Gaius-Augustus / BRAKER

BRAKER is a pipeline for fully automated prediction of protein coding gene structures with GeneMark-ES/ET/EP/ETP and AUGUSTUS in novel eukaryotic genomes
Other
348 stars 79 forks source link

Failed to execute: /opt/Augustus/bin//augustus ExonModel: Couldn't open file *_exon_probs.pbl #852

Open kwiyounghan opened 3 weeks ago

kwiyounghan commented 3 weeks ago

Hi BRAKER developers,

I've been using BRAKER3 with RNA-seq data produced from VARUS, on our university HPC using singularity. The first step of GeneMark-ET runs fine then I get an error when training Augustus.

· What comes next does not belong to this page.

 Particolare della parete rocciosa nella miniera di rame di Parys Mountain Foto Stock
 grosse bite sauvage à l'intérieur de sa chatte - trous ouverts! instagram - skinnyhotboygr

ERROR in file /opt/BRAKER/scripts/braker.pl at line 7971
Failed to execute: /opt/Augustus/bin//augustus --species=gadusMorhua --AUGUSTUS_CONFIG_PATH=/gxfs_home/geomar/smomw426/.augustus --extrinsicCfgFile=/opt/
BRAKER/scripts/cfg/rnaseq.cfg --alternatives-from-evidence=true --hintsfile=/gxfs_work/geomar/smomw426/cod_ref/05_braker/braker/hintsfile.gff --UTR=off -
-exonnames=on --codingseq=on --allow_hinted_splicesites=gcag,atac --softmasking=1 /gxfs_work/geomar/smomw426/cod_ref/05_braker/braker/genome.fa 1>/gxfs_w
ork/geomar/smomw426/cod_ref/05_braker/braker/augustus.hints.gff 2>/gxfs_work/geomar/smomw426/cod_ref/05_braker/braker/errors/augustus.hints.stderr!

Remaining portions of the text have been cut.